Billingsfors IK are affiliated to the Dalslands Fotbollförbund.

==Season to season==

In their early history Billingsfors IK competed in the following divisions:

| Season | Level | Division | Section | Position | Movements |
|---|---|---|---|---|---|
| 1931–32 | Tier 3 | Division 3 | Nordvästra | 1st | Promoted |
| 1932–33 | Tier 2 | Division 2 | Västra | 3rd |  |
| 1933–34 | Tier 2 | Division 2 | Västra | 6th |  |
| 1934–35 | Tier 2 | Division 2 | Västra | 3rd |  |
| 1935–36 | Tier 2 | Division 2 | Västra | 1st | Promotion Playoffs |
| 1936–37 | Tier 2 | Division 2 | Västra | 4th |  |
| 1937–38 | Tier 2 | Division 2 | Västra | 4th |  |
| 1938–39 | Tier 2 | Division 2 | Västra | 5th |  |
| 1939–40 | Tier 2 | Division 2 | Västra | 8th |  |
| 1940–41 | Tier 2 | Division 2 | Västra | 8th |  |
| 1941–42 | Tier 2 | Division 2 | Västra | 5th |  |
| 1942–43 | Tier 2 | Division 2 | Västra | 4th |  |
| 1943–44 | Tier 2 | Division 2 | Västra | 1st | Promotion Playoffs |
| 1944–45 | Tier 2 | Division 2 | Västra | 7th |  |
| 1945–46 | Tier 2 | Division 2 | Västra | 1st | Promotion Playoffs – Promoted |
| 1946–47 | Tier 1 | Allsvenskan |  | 12th | Relegated |
| 1947–48 | Tier 2 | Division 2 | Sydvästra | 8th |  |
| 1948–49 | Tier 2 | Division 2 | Sydvästra | 10th | Relegated |
| 1949–50 | Tier 3 | Division 3 | Västra | 9th | Relegated |

In recent seasons Billingsfors IK have competed in the following divisions:

| Season | Level | Division | Section | Position | Movements |
|---|---|---|---|---|---|
| 1999 | Tier 6 | Division 5 | Dalsland | 9th |  |
| 2000 | Tier 6 | Division 5 | Dalsland | 11th | Relegated |
| 2001 | Tier 7 | Division 6 | Dalsland | 4th |  |
| 2002 | Tier 7 | Division 6 | Dalsland | 9th |  |
| 2003 | Tier 7 | Division 6 | Dalsland | 5th |  |
| 2004 | Tier 7 | Division 6 | Dalsland | 1st | Promoted |
| 2005 | Tier 6 | Division 5 | Dalsland | 11th |  |
| 2006* | Tier 7 | Division 5 | Dalsland | 10th |  |
| 2007 | Tier 7 | Division 5 | Dalsland | 12th | Relegated |
| 2008 | Tier 8 | Division 6 | Dalsland | 6th |  |
| 2009 | Tier 8 | Division 6 | Dalsland | 9th |  |
| 2010 | Tier 8 | Division 6 | Dalsland | 9th |  |
| 2011 | Tier 8 | Division 6 | Dalsland |  |  |

- League restructuring in 2006 resulted in a new division being created at Tier 3 and subsequent divisions dropping a level.

==Achievements==
- Allsvenskan:
  - Best placement (12th): 1946–47

==Attendances==

In recent seasons Billingsfors IK have had the following average attendances:

| Season | Average attendance | Division / Section | Level |
|---|---|---|---|
| 2009 | Not available | Div 6 Dalsland | Tier 8 |
| 2010 | 70 | Div 6 Dalsland | Tier 8 |

- Attendances are provided in the Publikliga sections of the Svenska Fotbollförbundet website.

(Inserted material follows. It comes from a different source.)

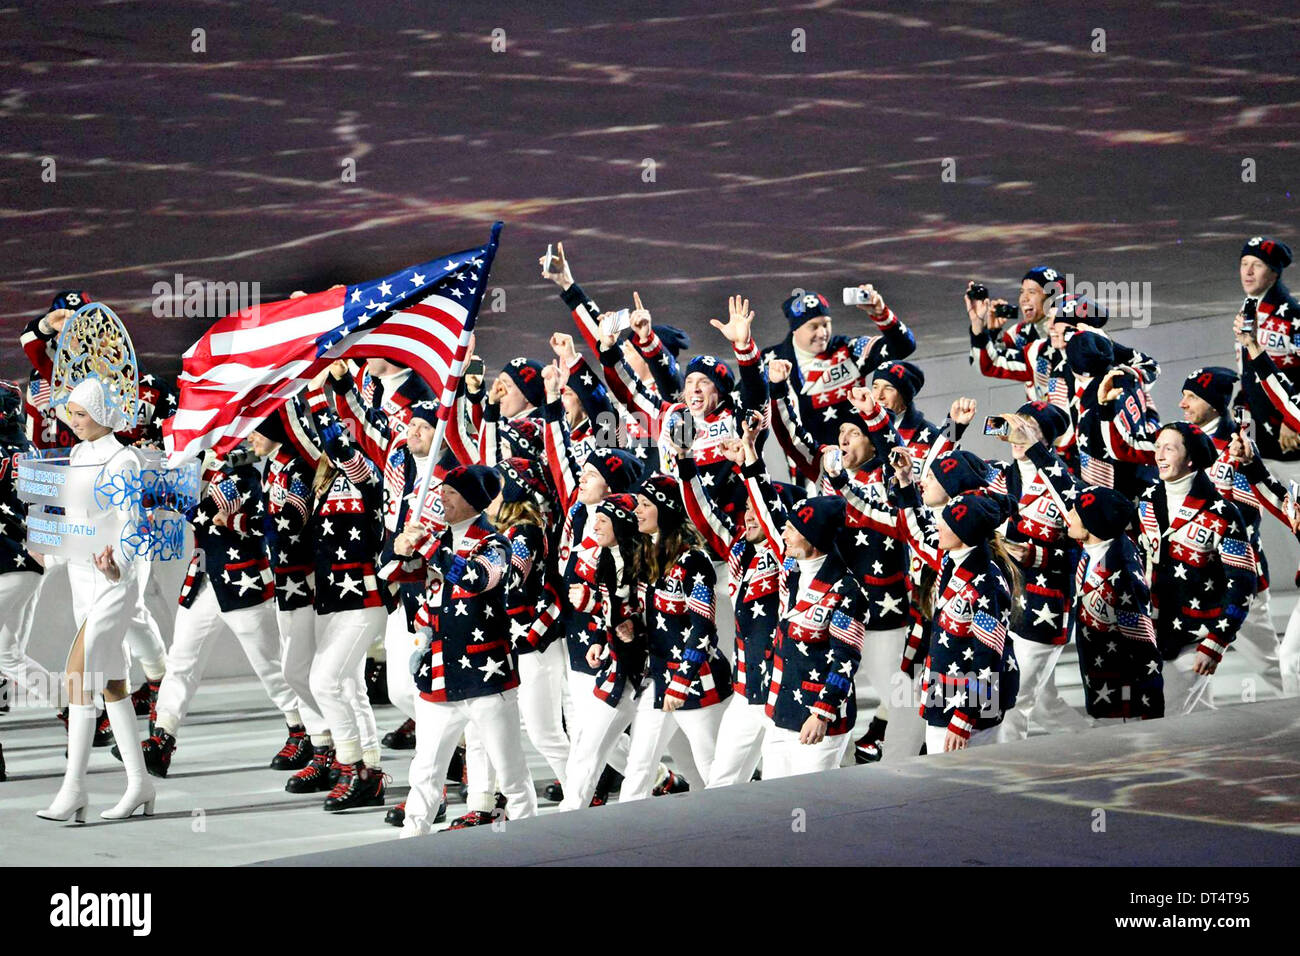 Nosotros equipo Olímpico de invierno marchas en el Fisht Estadio Olímpico durante la ceremonia de apertura de los Juegos Olímpicos de Invierno de 2014 de Sochi en el Parque Olímpico, el 7 de febrero de 2014 en Sochi, Rusia. Foto de stock

On 30 May 2006 a strengthened Billingsfors IK played GAIS in a jubilee match to celebrate BIK's 100-year anniversary in 2006. The match was a great spectacle with almost 850 paying spectators at the Lövåsvallen.

==Players==
- Ingvar Rydell – Played for Billingsfors IK when the team played in the Allsvenskan. He then went to Malmö FF and was the Allsvenskan top-scorer in the 1949–50 season. He also played in the Sweden national team.